4️⃣ Space Optimization
If we closely look at the relationship obltained in the tabulation approach, dp[i][j] = dp[i-1][j] + dp[i][j-1]), we see that we only need the previous row and column, in order to calculate dp[i][j]. Therefore we can space optimize it.
- Initially, we can take a dummy row ( say prev) and initialize it as 0.
- Now the current row(say temp) only needs the previous row value and the current row’s value in order to calculate dp[i][j].
- At the next step, the 'temp' array becomes the 'prev' of the next step and using its values we can still calculate the next row’s values.

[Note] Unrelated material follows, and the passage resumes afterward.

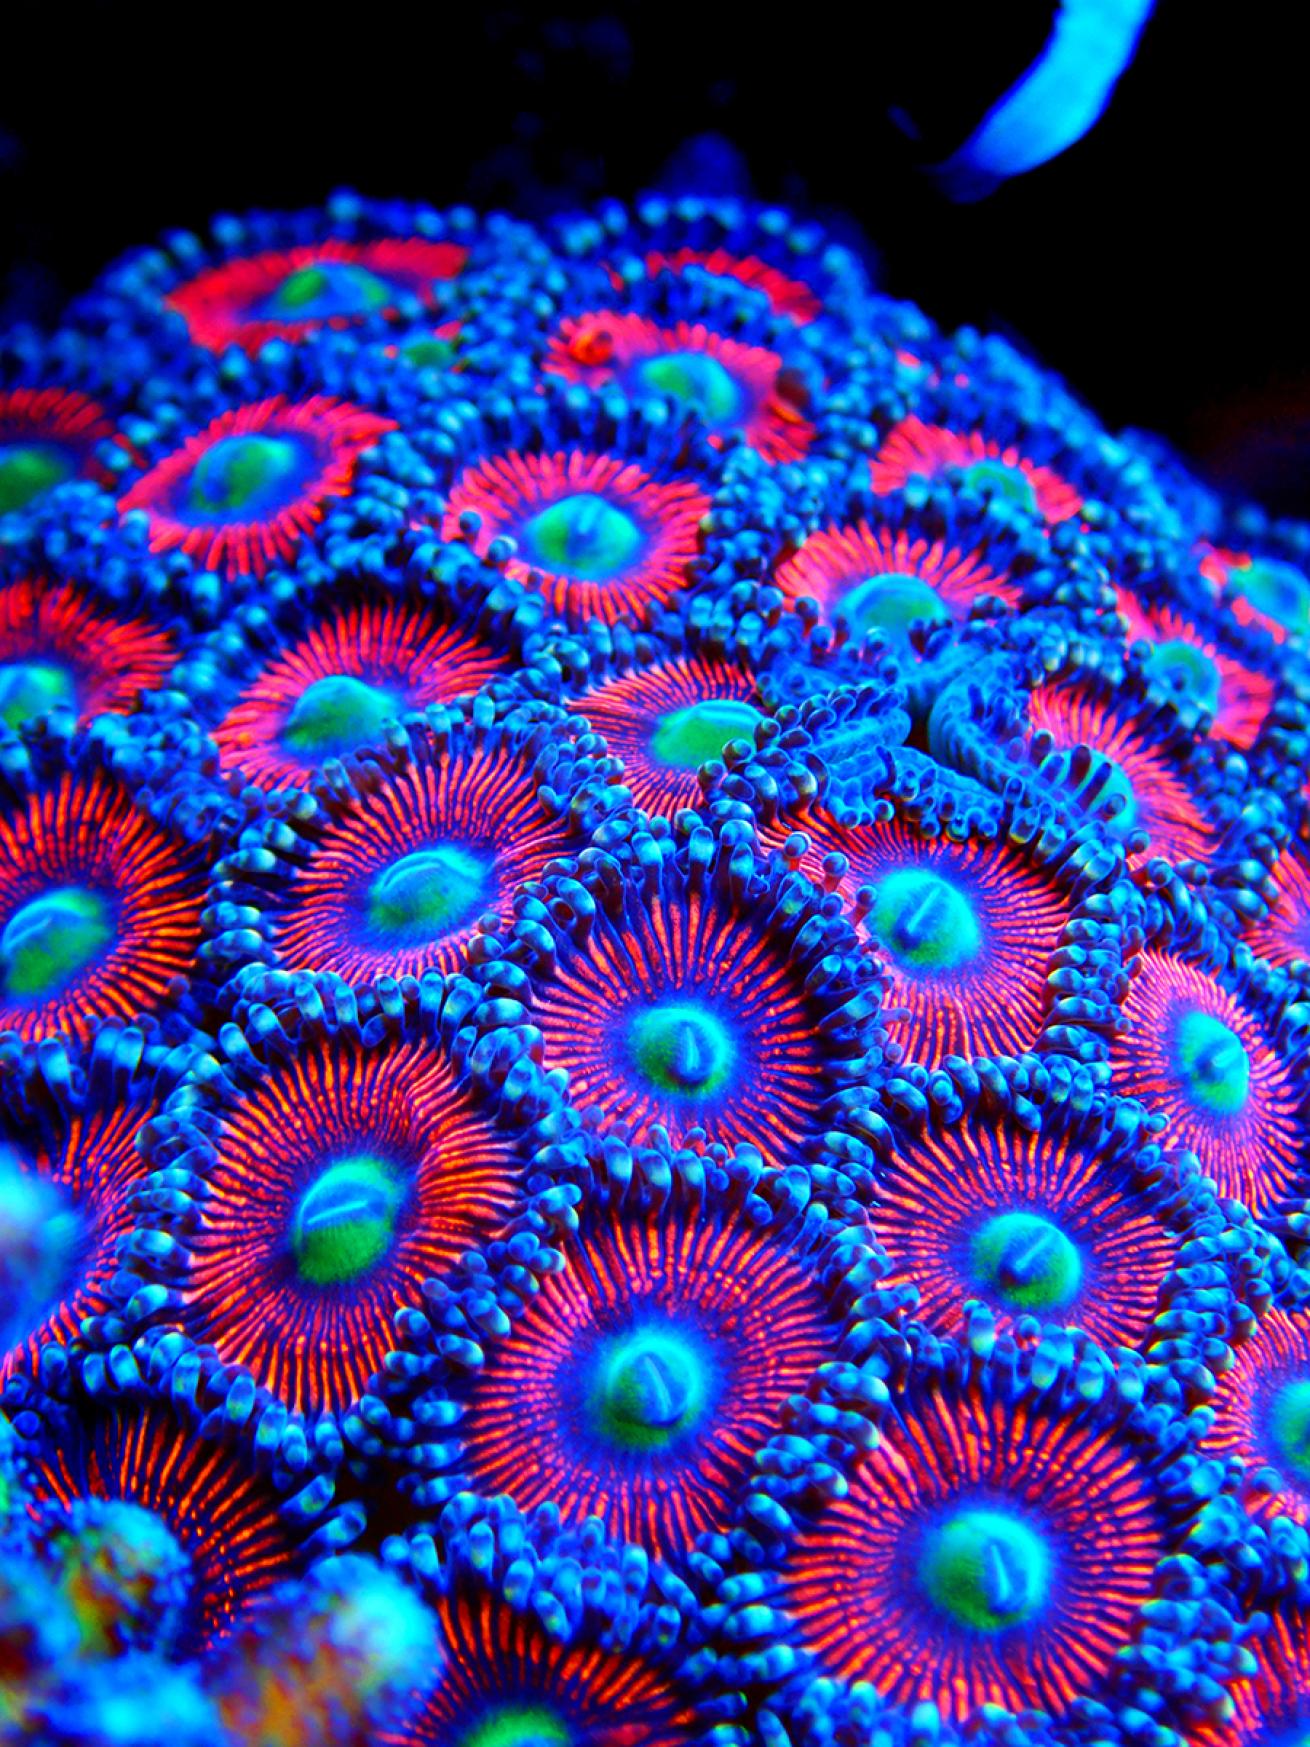 Bright red and blue coral polyps

- At last prev[n-1] will give us the required answer, as it will store the total answer in top-down approach.
Code:
#include <bits/stdc++.h>
using namespace std;
class Solution {
private:
// Function to solve the problem using space optimization
int func(int m, int n, vector<vector<int>>& matrix) {
/* Initialize a vector to store
the previous row's path counts*/
vector<int> prev(n, 0);
for (int i = 0; i < m; i++) {
/* Initialize a temporary
vector for the current row*/
vector<int> temp(n, 0);
for (int j = 0; j < n; j++) {
// Base conditions
if (i > 0 && j > 0 && matrix[i][j] == 1) {
/* If there's an obstacle at (i, j),
no paths can pass through it*/
temp[j] = 0;
continue;
}
if (i == 0 && j == 0) {
/* If we are at the starting
point, there is one path to it*/
temp[j] = 1;
continue;
}
int up = 0;
int left = 0;
/* Check if we can move up and left
(if not at the edge of the maze)*/
if (i > 0)
up = prev[j];
if (j > 0)
left = temp[j - 1];
/* Total number of paths to reach (i, j)
is the sum of paths from above and left*/
temp[j] = up + left;
}
// Update the previous row with the current row
prev = temp;
}
/* The final result is stored in prev[m-1], which
represents the destination in the last row*/
return prev[n - 1];
}
public:
/* Function to find all unique paths to reach
matrix[m-1][n-1] from matrix[0][0] with obstacles*/
int uniquePathsWithObstacles(vector<vector<int>>& matrix) {
int m = matrix.size();
int n = matrix[0].size();
// Return the total number of paths
return func(m, n, matrix);
}
};
int main() {
vector<vector<int>> maze{
{0, 0, 0},
{0, 1, 0},
{0, 0, 0},
};
// Create an instance of Solution class
Solution sol;
cout << "Number of paths with obstacles: " << sol.uniquePathsWithObstacles(maze) << endl;
return 0;
}
Complexity Analysis:
- Time Complexity:
O(M*N), where M is the number of row and N is the number of column in 2D array. As the whole matrix is traversed once using two nested loops. - Space Complexity:
O(N), We are using an external array of size ‘N’ to store only one row.